Multiplexes were witnessing gradual build-up in occupancy during January-March 2021 quarter, against 4-6% occupancy in October-December 2020 quarter, as regional movies such as Master, Uppena, Roberrt, Pogaru saw strong box office performance. However, recent restrictions and increased fear of enclosed spaces might keep the moviegoers away for a while.

 

PVR had undertaken steps to reduce cost and augment liquidity over the past one year. It has negotiated with majority of mall developers for waiving off rentals for the entire period of closure of operations with revenue sharing arrangements from resumption of operations until March 31, 2021. In fact, rentals for the nine months ended fiscal 2021 was lowered by ~89% as compared to the corresponding period of the previous fiscal. Besides, the company has also conserved cash by reducing its workforce and deferring maintenance outlay and capital expenditure (capex).

 

In August 2020 and February 2021, the company raised Rs 300 crore (rights issue) and Rs 800 crore (qualified institutional placement [QIP]), respectively, which augmented liquidity. Cash and bank balance, undrawn committed bank lines and other liquid investments stood at above Rs 790 crore as on March 31, 2021, which should be adequate to cover operating costs and debt obligation for the next few months.

 

CRISIL Ratings believes the credit profile of multiplex operators, including PVR, may further weaken if the Covid-19 pandemic worsens.
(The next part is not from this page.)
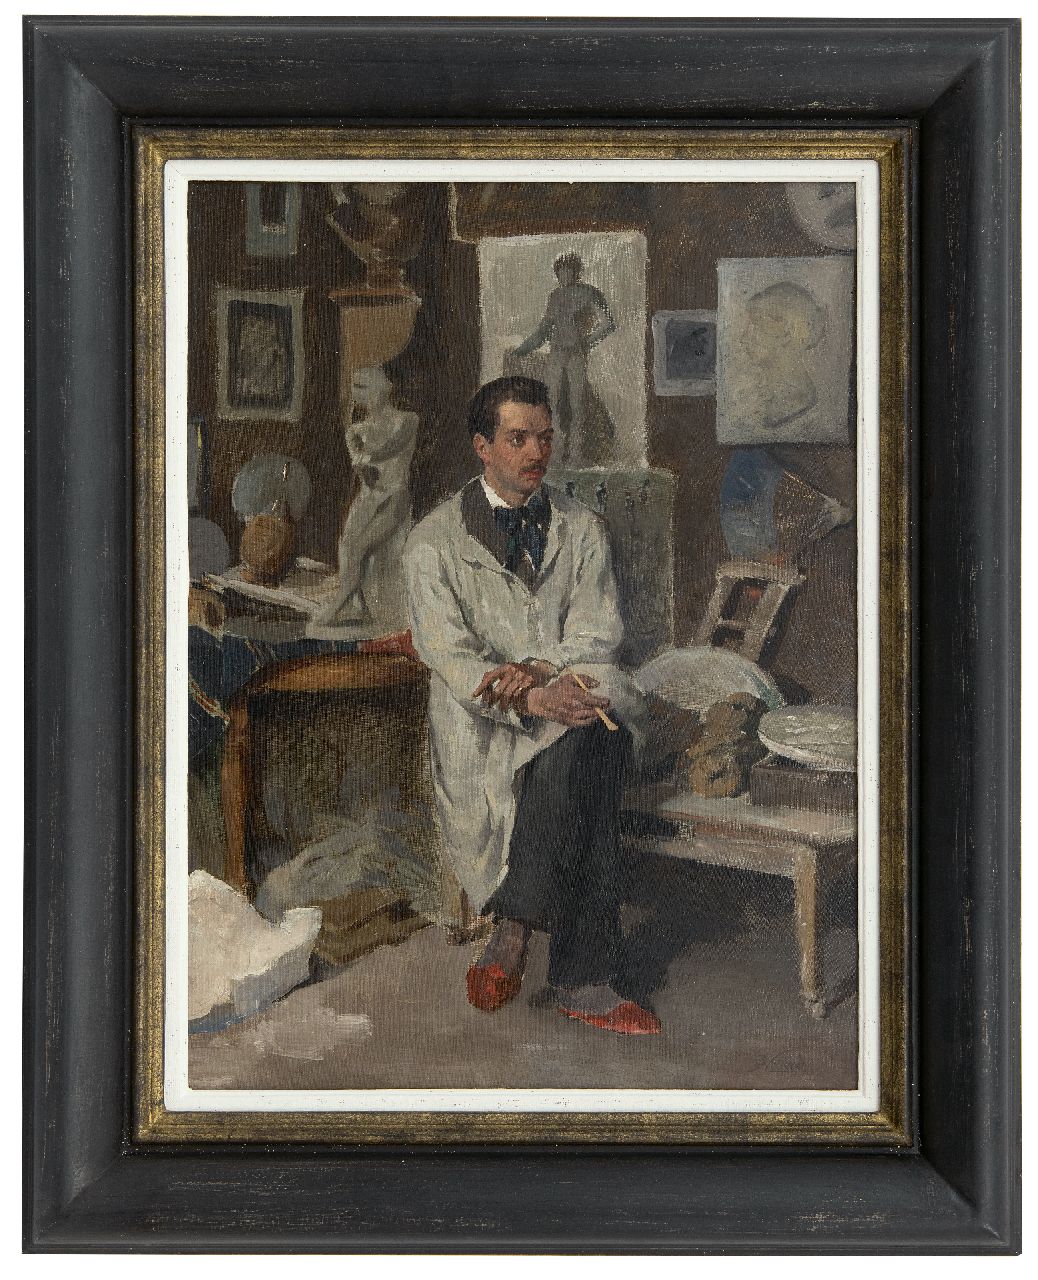 Weiland J.  | Johannes Weiland, Artist in his studio, oil on canvas 49.2 x 37.7 cm, signed l.r.

Moreover, multiplex operators will have to initiate fresh negotiations with mall owners, given new restrictions to contain the pandemic. Improvement in the current situation, leading to return of content and ramp-up in occupancies, while operators continue to contain operating costs and maintain liquidity, will remain a key monitorable.

 

The ratings continue to reflect the company’s strong market position and established brand, healthy operating efficiency prior to the pandemic, strong financial risk profile and ample liquidity. These strengths are partially offset by exposure to risks inherent in the film exhibition business.

 

The ratings also factor in the moratorium availed by the company on its bank facilities in accordance with the relief measures provided by the Reserve Bank of India under the Covid-19 Regulatory Package as on March 27, 2020.

Analytical Approach

CRISIL Ratings has combined the business and financial risk profiles of PVR; its subsidiaries, PVR Pictures Ltd, PVR Lanka Ltd, Zea Maize Pvt Ltd; and the joint venture (JV), Vkaao Entertainment Pvt Ltd. The entities, collectively referred to herein as PVR, are in the same business and have common promoters.

 

Please refer Annexure - List of entities consolidated, which captures the list of entities considered and their analytical treatment of consolidation.

Key Rating Drivers & Detailed Description

Strengths

* Strong market position and established brand

PVR is the largest multiplex operator in India, with strong brand equity. It had 844 screens with operations in 177 locations across 71 cities as on March 31, 2021. It has around 30% more screens than the second-largest player. Addition of screens from SPI Cinemas Pvt Ltd has led to significant improvement in the market position in south India and helped diversify content, as cinema from the region contributes over 40% to the overall box office collection. Any capex plan to add screens have been put on hold temporarily. Addition of screens is likely to remain low for some time and will depend on ramp-up in occupancy over the next 2-3 months, post lifting of restrictions over operations.

 

* Healthy operating efficiency before the pandemic

Presence in prime locations in major cities helps command higher average ticket price than peers. Moreover, contribution from the high-margin food and beverages segment and advertisement revenue (together comprising around 40% of the total income) remains high.

 

Operating margin was healthy at 17.6% in fiscal 2020, compared with 19% and 17.2% in fiscals 2019 and 2018, respectively, despite the lockdown. Besides box-office collections, revenue from other segments was also healthy. For instance, spend per head was Rs 99 in fiscal 2020 (Rs 91 in fiscal 2019; Rs 89 in fiscal 2018). Similarly, advertisement revenue was Rs 376 crore in fiscal 2020 (Rs 353 crore in fiscal 2019; Rs 297 crore in fiscal 2018).

 

While operating performance has been impacted in fiscal 2021 and is likely to remain impacted in the first half of fiscal 2022, owing to the resurgence of Covid-19 cases. The company’s ability to sustain growth in occupancy post lifting of restrictions, leading to healthy operating margin, will remain critical.

 

* Strong financial risk profile

The financial risk profile is supported by a strong ability to raise funds from capital markets. The company has raised Rs 1,600 crore through rights issue and QIP since October 2019. QIP of Rs 500 crore in October 2019 led to significant improvement in debt protection metrics. Gearing improved to 0.77 time and the net debt to earnings before interest, tax, depreciation and amortisation (EBITDA) ratio to 1.60 times as on March 31, 2020, from 1.29 times and 2.10 times, respectively, a year earlier.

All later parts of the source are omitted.